Content starts
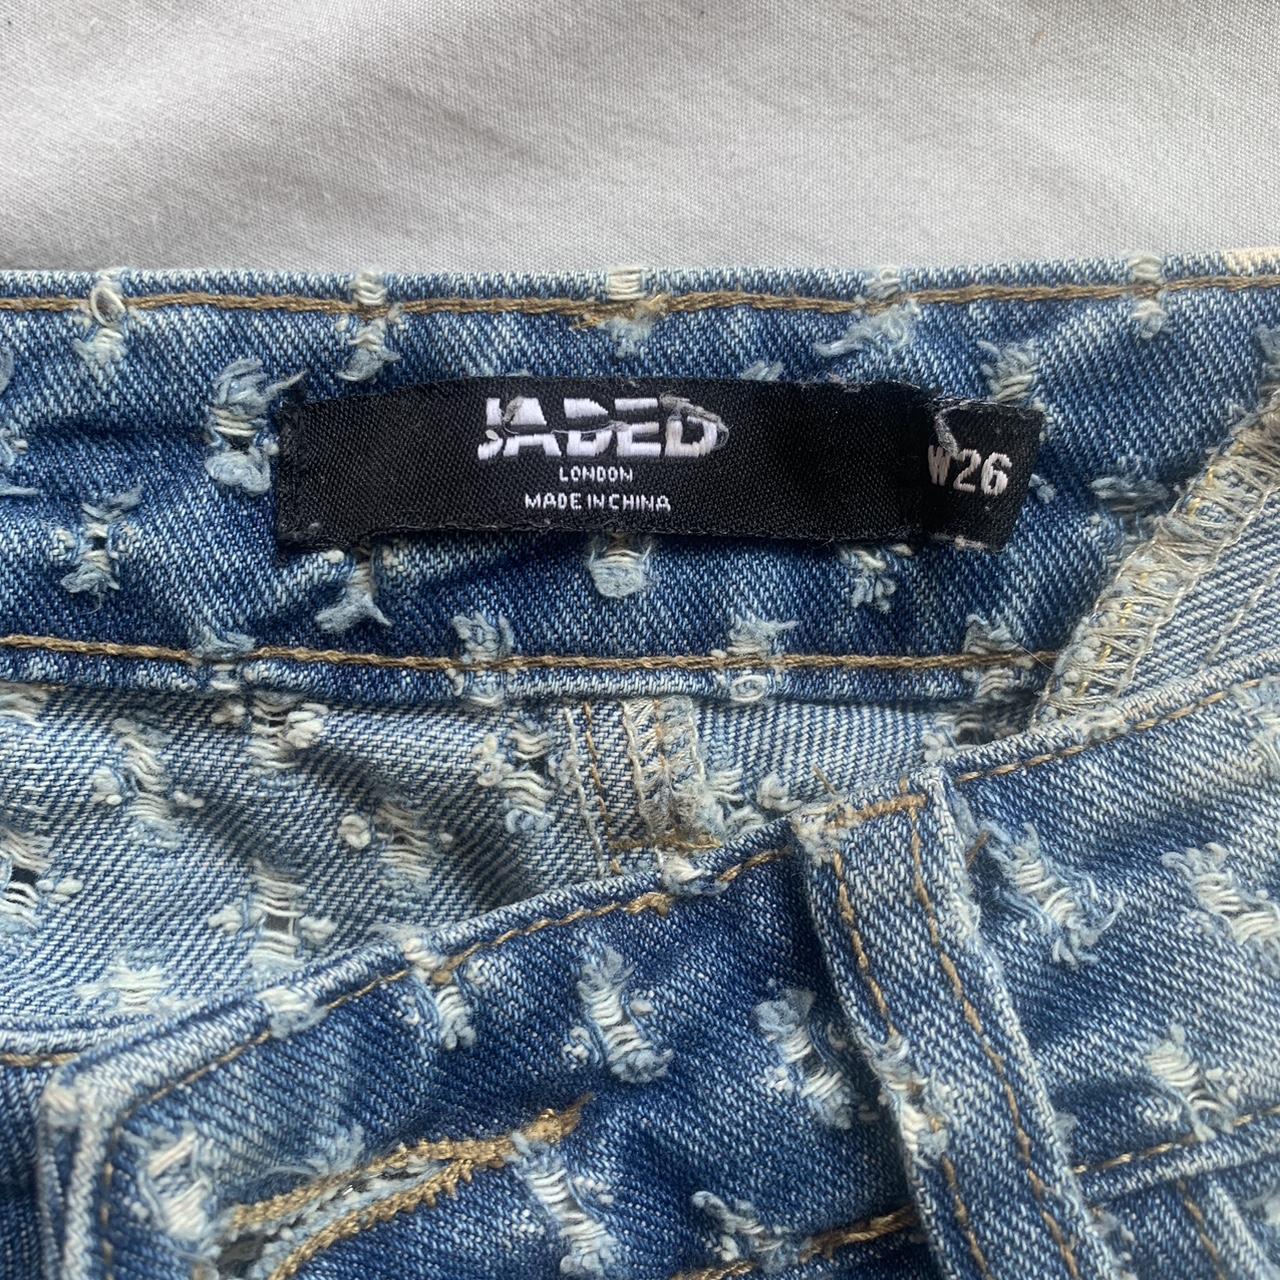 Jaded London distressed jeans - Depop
Content ends
Content starts
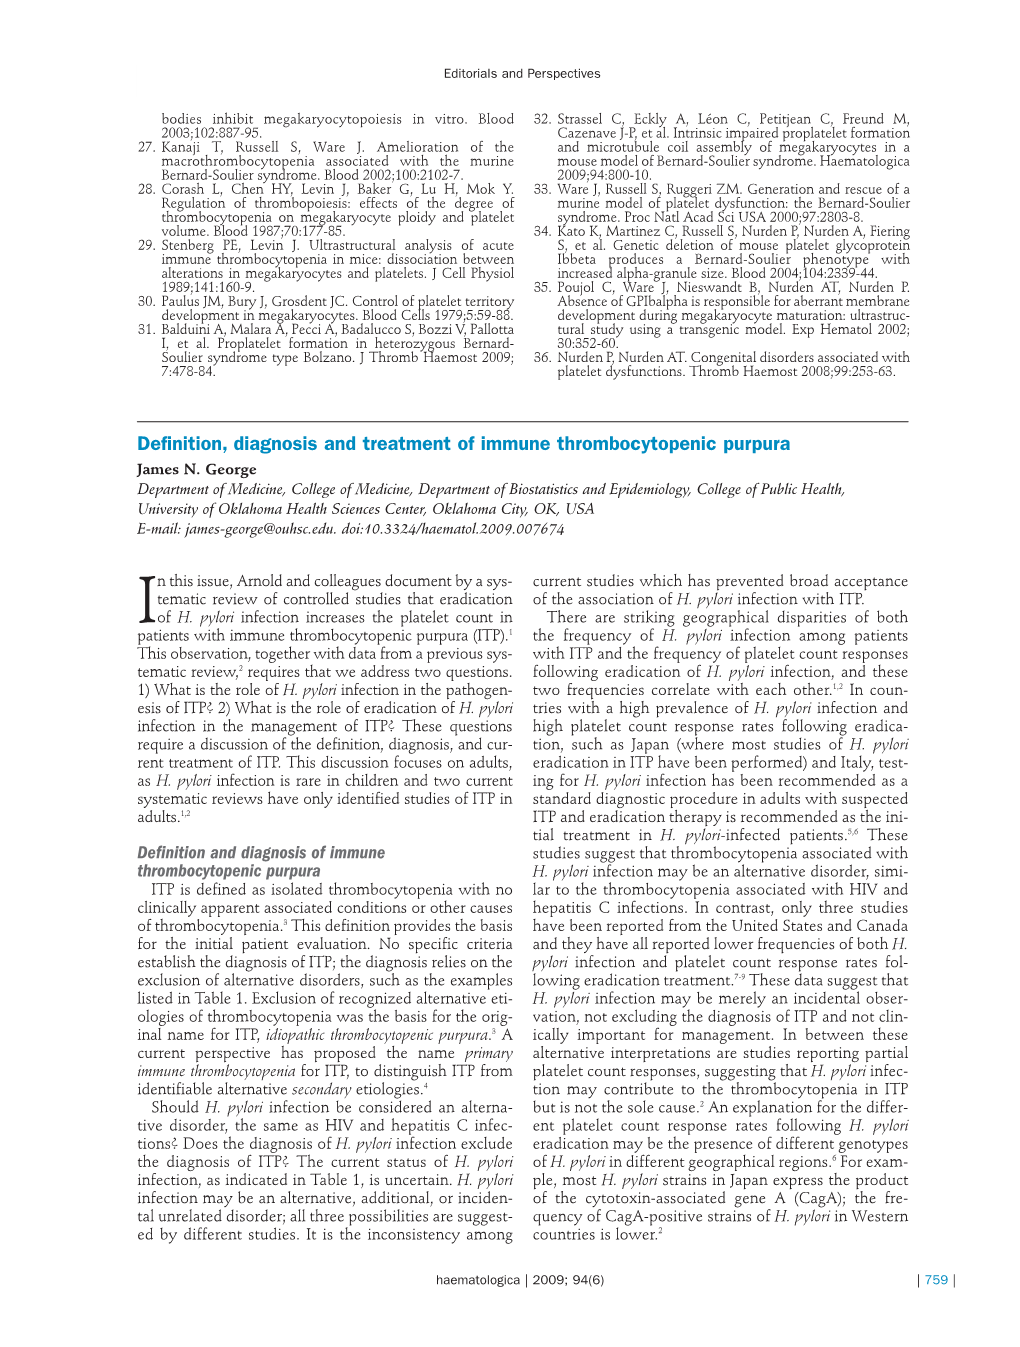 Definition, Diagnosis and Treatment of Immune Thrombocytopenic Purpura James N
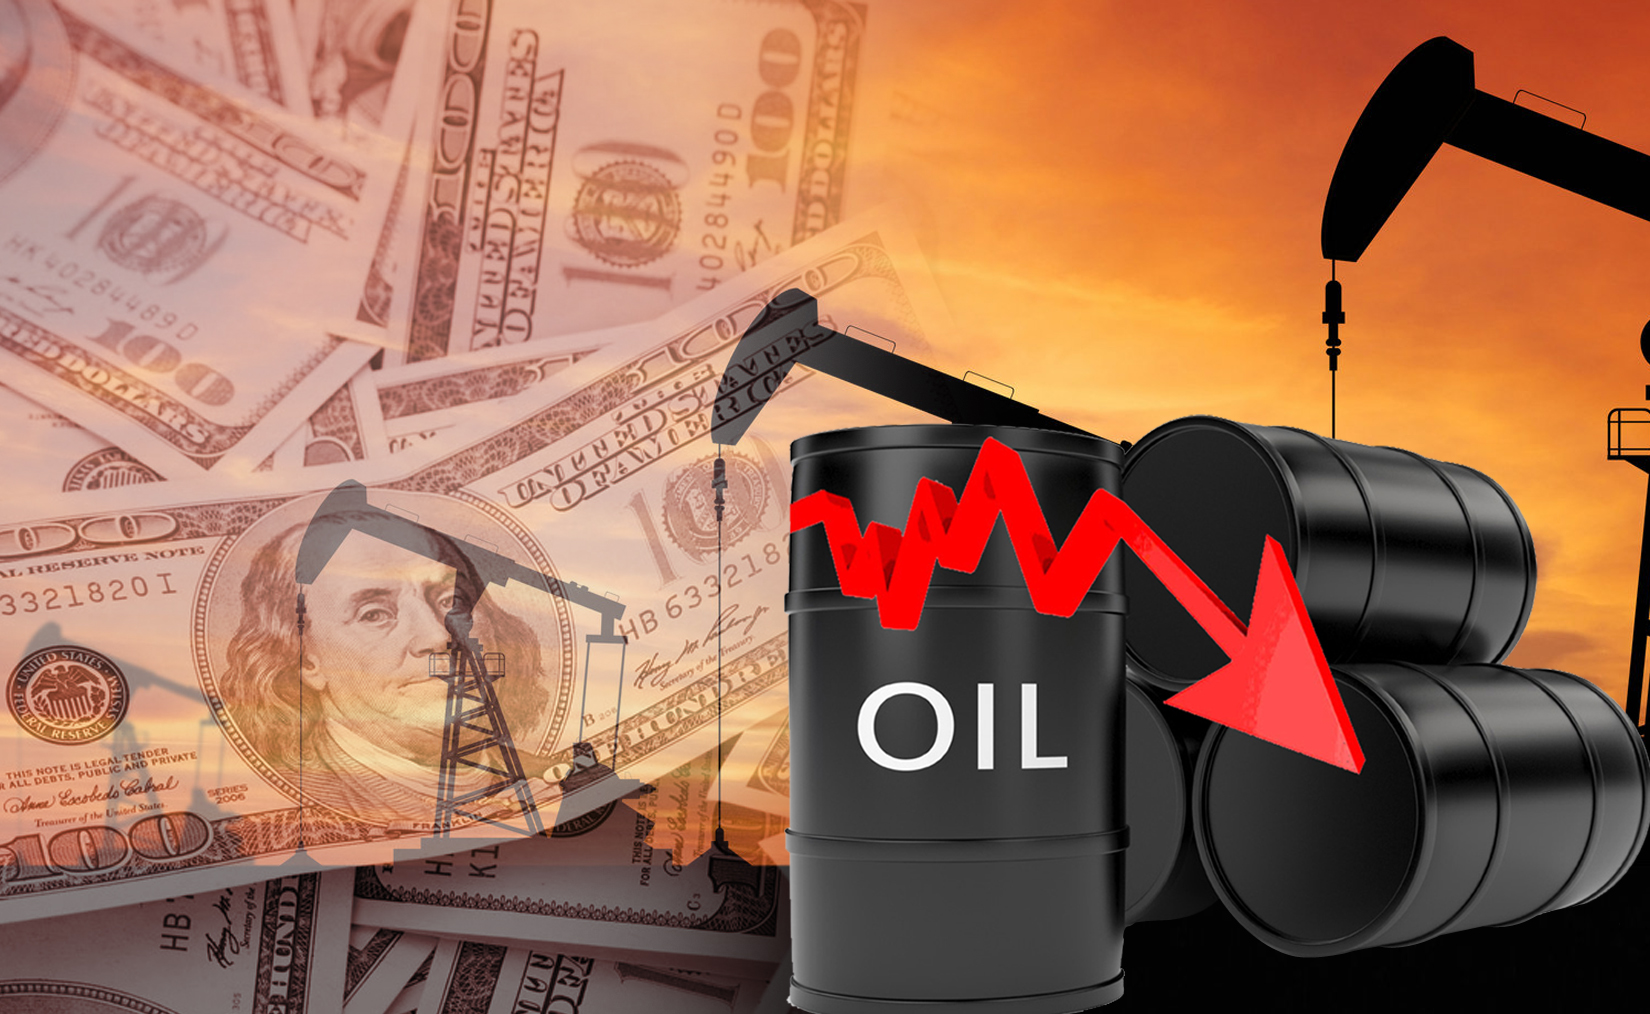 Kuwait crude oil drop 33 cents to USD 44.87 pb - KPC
Content ends
Content starts
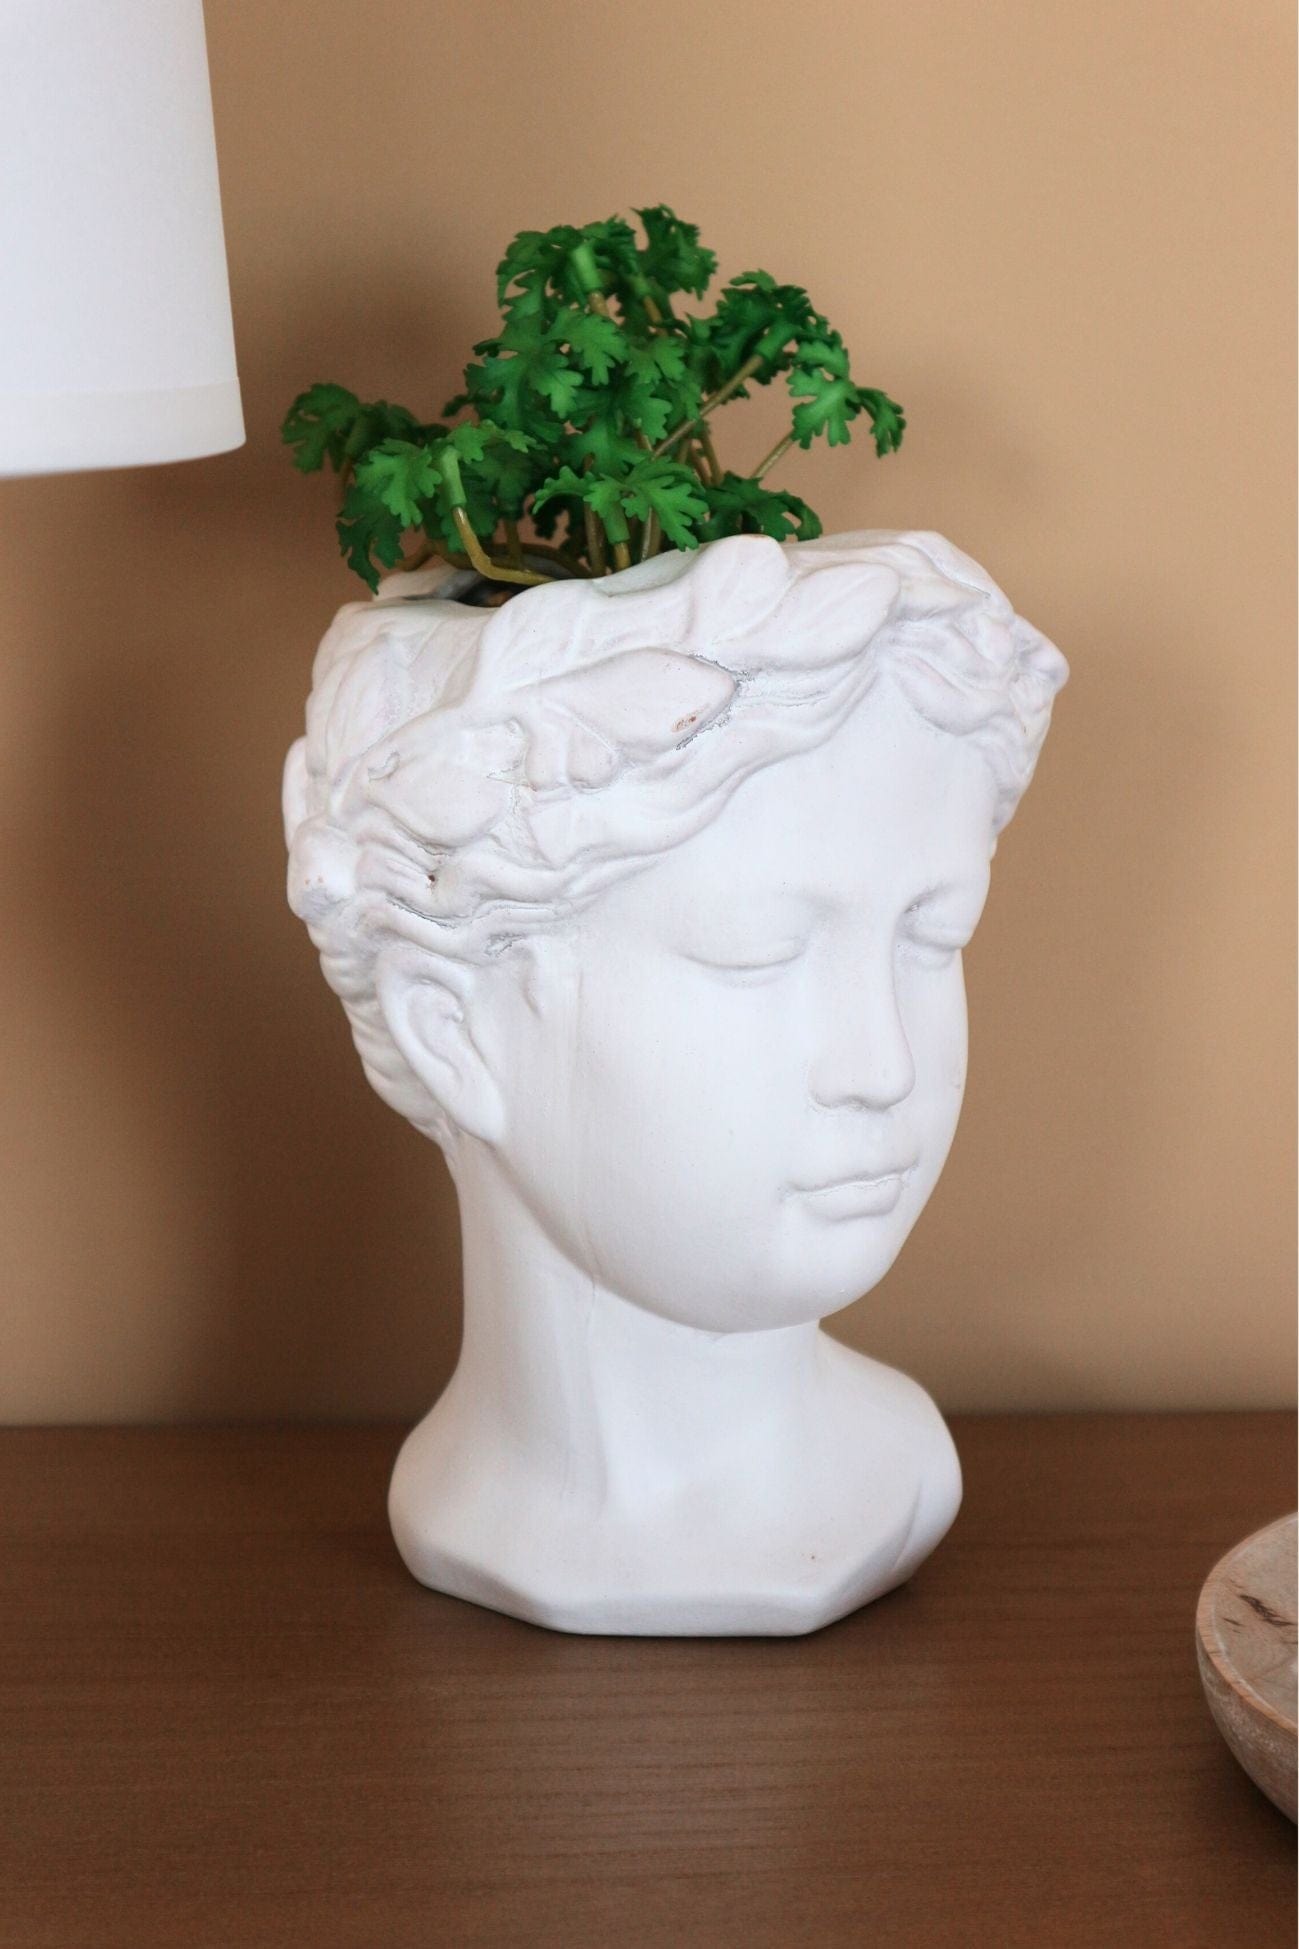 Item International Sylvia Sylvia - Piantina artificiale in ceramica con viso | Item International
Content ends
» REQUIRED ACTION: Output only the lines above from the line that holds "Definition, Diagnosis and" through the line that holds "Kuwait crude oil", both ends included, and exclude pictures.

» WRITTEN SOLUTION:
 Definition, Diagnosis and Treatment of Immune Thrombocytopenic Purpura James N
 Kuwait crude oil drop 33 cents to USD 44.87 pb - KPC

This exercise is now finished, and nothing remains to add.